Мы быстро доковыляли до нашего коврика, и я принялась со знанием дела, как-никак, пятёрка по ОБЖ плюс школьная сандружина, бинтовать повреждённую щиколотку.
Эдик прикрывал глаза и часто-часто дышал, запрокидывая голову. На вопрос о том, что с ним, ответил невнятным мычанием. Я баюкала его ногу на коленях. И думала, думала, думала...
-- Эдик!
-- Да, Наденька?
"Наденька"!
-- Эдик, я давно...
-- Бе-е-е! Бе-е-е!
Горячие морщинистые губы зафыркали мне в ухо, по плечу мазнула мягкая щёточка коротенькой бородки...
Сбросив Эдикову ногу на землю, я вскочила и уже сверху вниз как следует разглядела Бесстыжую Безрогую Бестию, помешавшую мне сделать важнейшее в моей жизни признание. Она продолжала требовательно блеять и тыкалась носом уже в Клюева. К-коза...
А он радостно обнимал её:
-- Брахмапутрочка, милая, хорошая, нашлась!
Похоже, Клюевы тоже хотели бы от своих коз больших удоев, иначе с чего бы им называть козу, как индийскую речку?
-- Надь...
-- Да?
-- Посмотри там в сумке с пикниковым оборудованием, там должна быть верёвка. Давай её привяжем? Она же неделю где-то бродила, мы думали уже, её тут волки задрали.
-- Волки-оборотни, -- на автомате подсказала я, вспомнив недавнюю веселилку.
-- Да нет, -- отмахнулся Эдик, продолжая чесать шею Брахмапутрочки. -- тут волков-оборотней нет.
-- Так говоришь, словно не-волки-оборотни есть.
Клюев прикусил губу:
-- Ну как знать...
Я достоверно изобразила фырканье Брахмапутрочки.
Верёвка нашлась, и оказалось, что в сумке кроме трёх шампуров и таблеток для розжига есть ещё коробка с пряностями и пластиковый планшет с набором для барбекю.
Пряности перебивали аромат Эдика, и я раздражённо затолкала их поглубже в сумку.
Стараясь не нагружать больную ногу, мой возлюбленный проявил чудеса ловкости и изобретательности, сварганивая что-то вроде шлейки для козы.

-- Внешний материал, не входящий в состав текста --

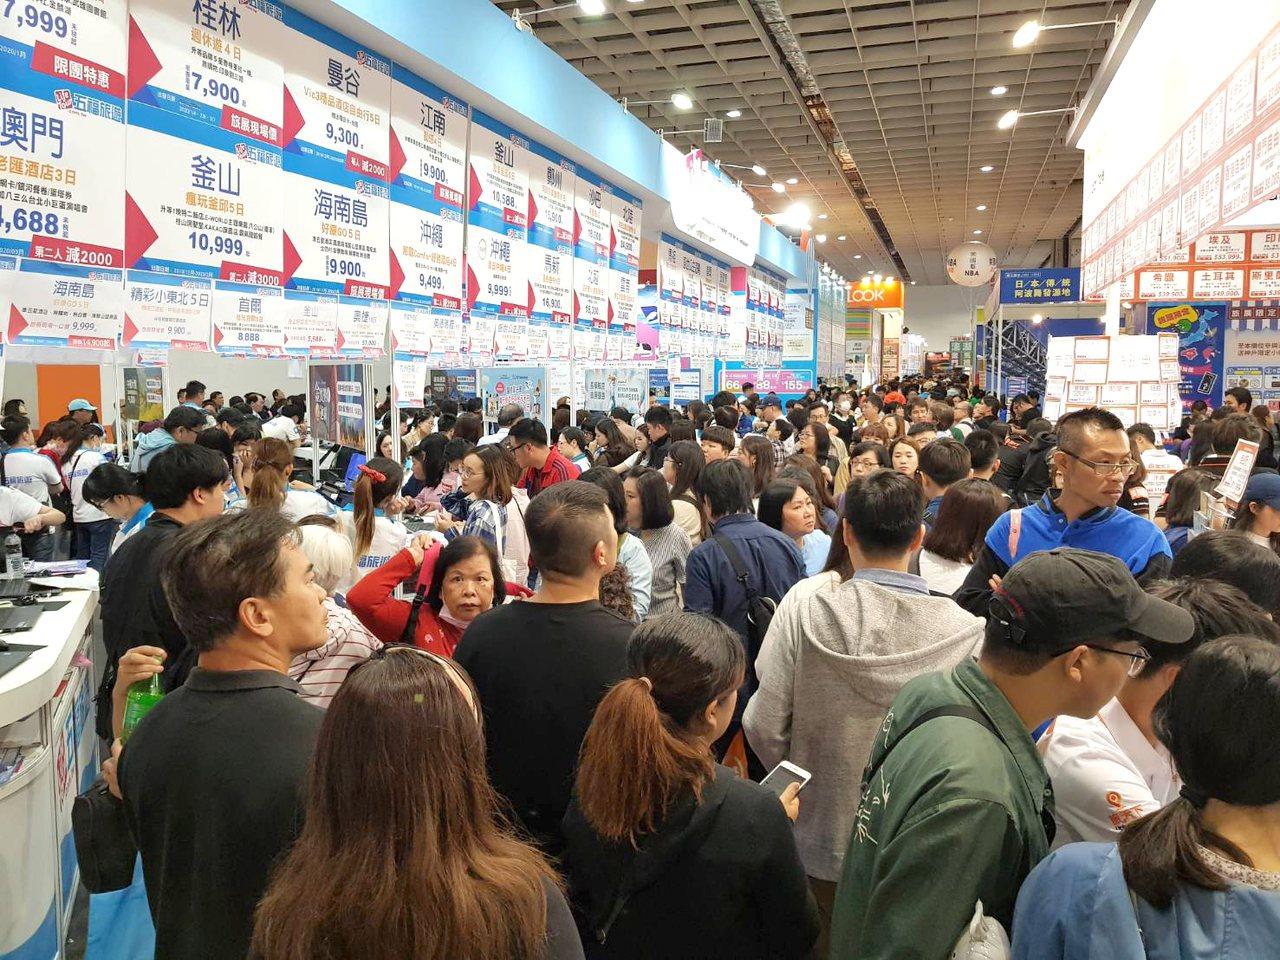 台北國際旅展迎來首個週末假日,湧現逛展人潮。記者陳睿中/攝影

Я помогала ему, чем могла, и вовсю пользовалась выдавшейся оказией перебить запах пряностей.
Белая коза оказалась приятной на ощупь, гладенькой такой.
-- Это зааненская порода, -- рассказывал Клюев. -- Семьдесят пять процентов этих коз комолые...
-- Какие-какие?
-- Безрогие. А ты знаешь, сколько они молока дают, если за ними как следует ухаживать?
"Не знаю и знать не хочу", -- мысленно ответила я, вслух же сказала:
-- Нет, а сколько?
-- Семьсот литров в год!
В голосе Эдика прозвучала такая гордость, будто это он сам собственноручно вывел эту комолую высокоудойную породу. Или давал по семьсот литров.
-- Как интересно... -- пробормотала я, усаживаясь на пляжный коврик.
Каждое слово разговора о козах сбивало мою решимость признаться Эдику прямо здесь и сейчас.
Ветер окончательно утих, и поверхность озёр превратилась в два огромных зеркала. Перистые облака недвижимо стояли в зените, как кружевной зонтик, прореживающий солнечные лучи.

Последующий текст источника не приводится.